Task details - Your task is to repeat the lines below exactly, excluding any pictures they contain.

Recorded information -
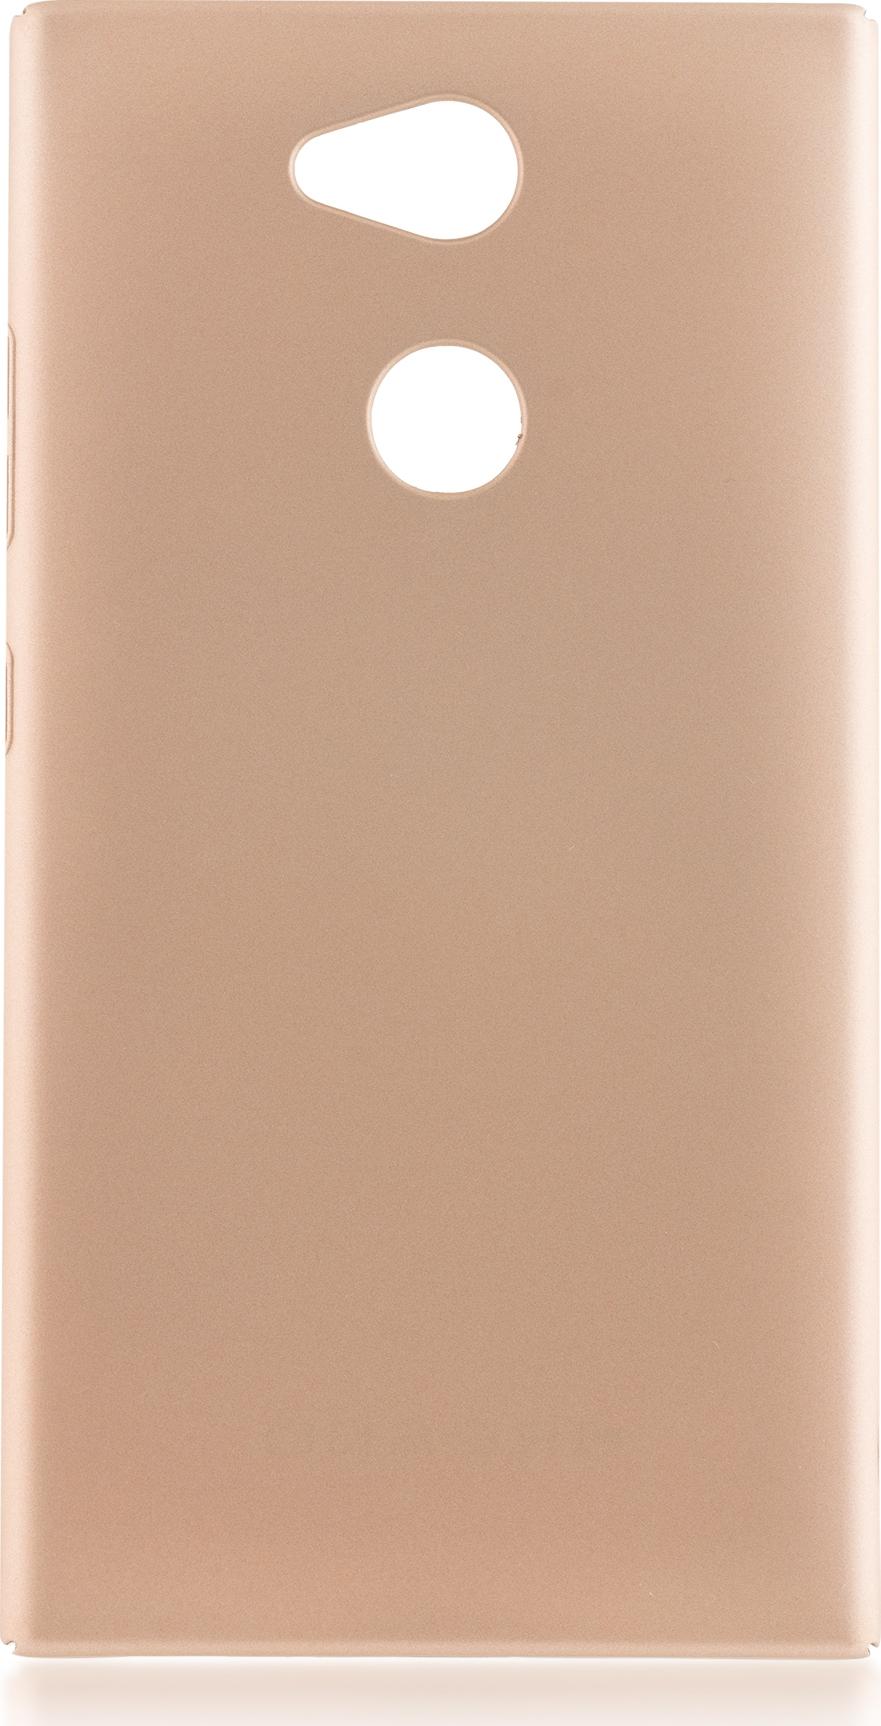 Чехол Brosco 4Side Soft-Touch для Sony Xperia L2, золотой
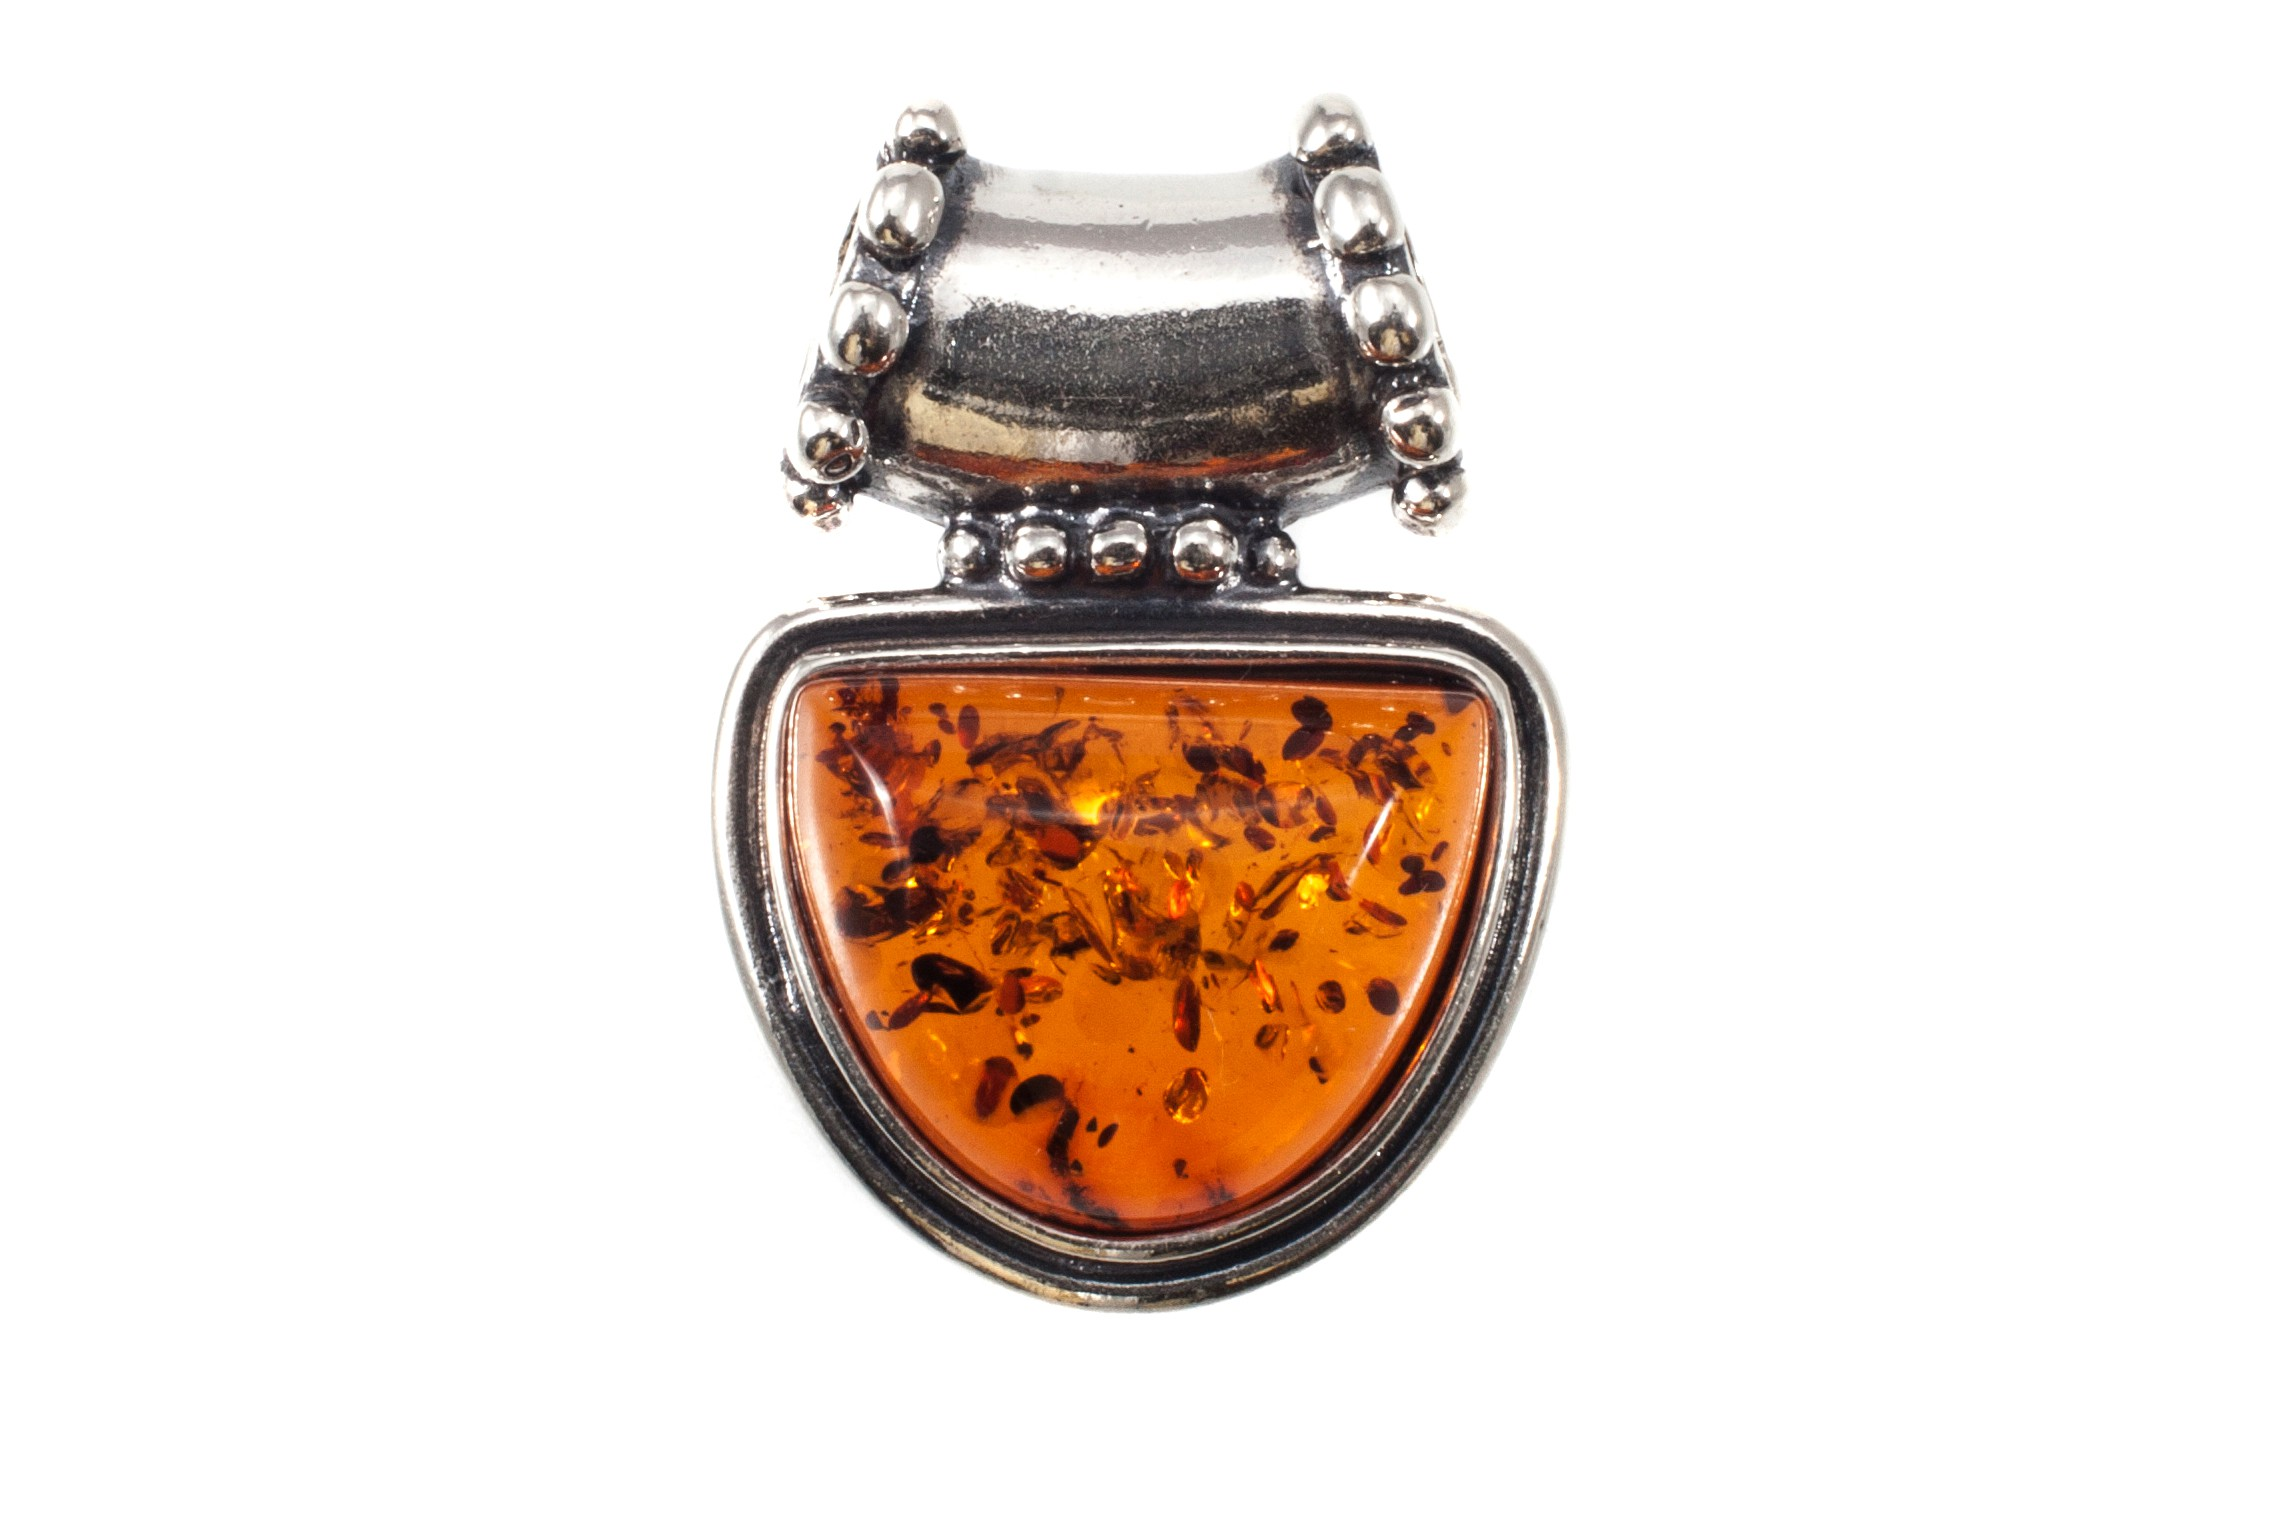 58*78mm,big Baltic amber pendant,amber silver pendant,amber pendant,amber,silver,white,milky,pendant,pendants,Baltic,gem,flower,big,gems
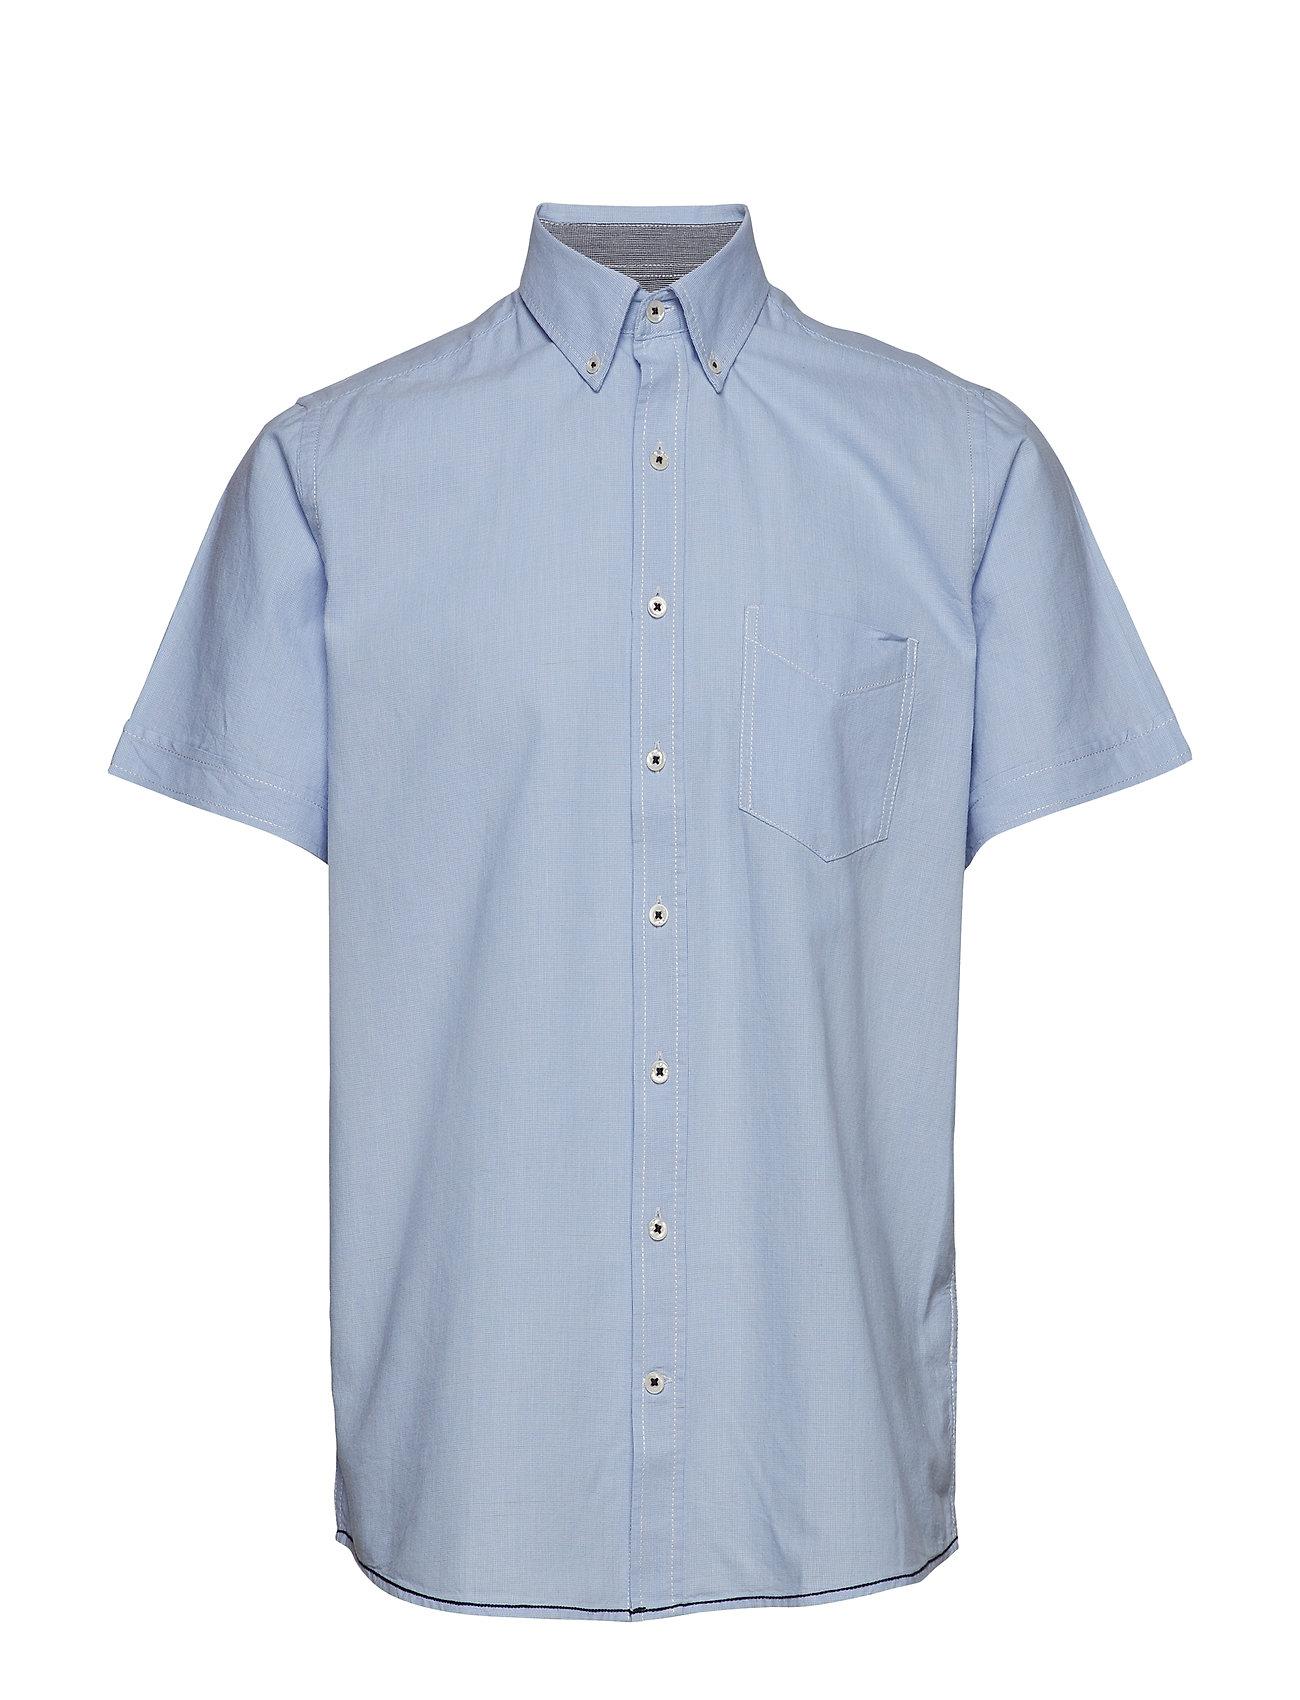 Signal S/S Shirts - POND BLUE

Expected answer -
 Чехол Brosco 4Side Soft-Touch для Sony Xperia L2, золотой
 58*78mm,big Baltic amber pendant,amber silver pendant,amber pendant,amber,silver,white,milky,pendant,pendants,Baltic,gem,flower,big,gems
 Signal S/S Shirts - POND BLUE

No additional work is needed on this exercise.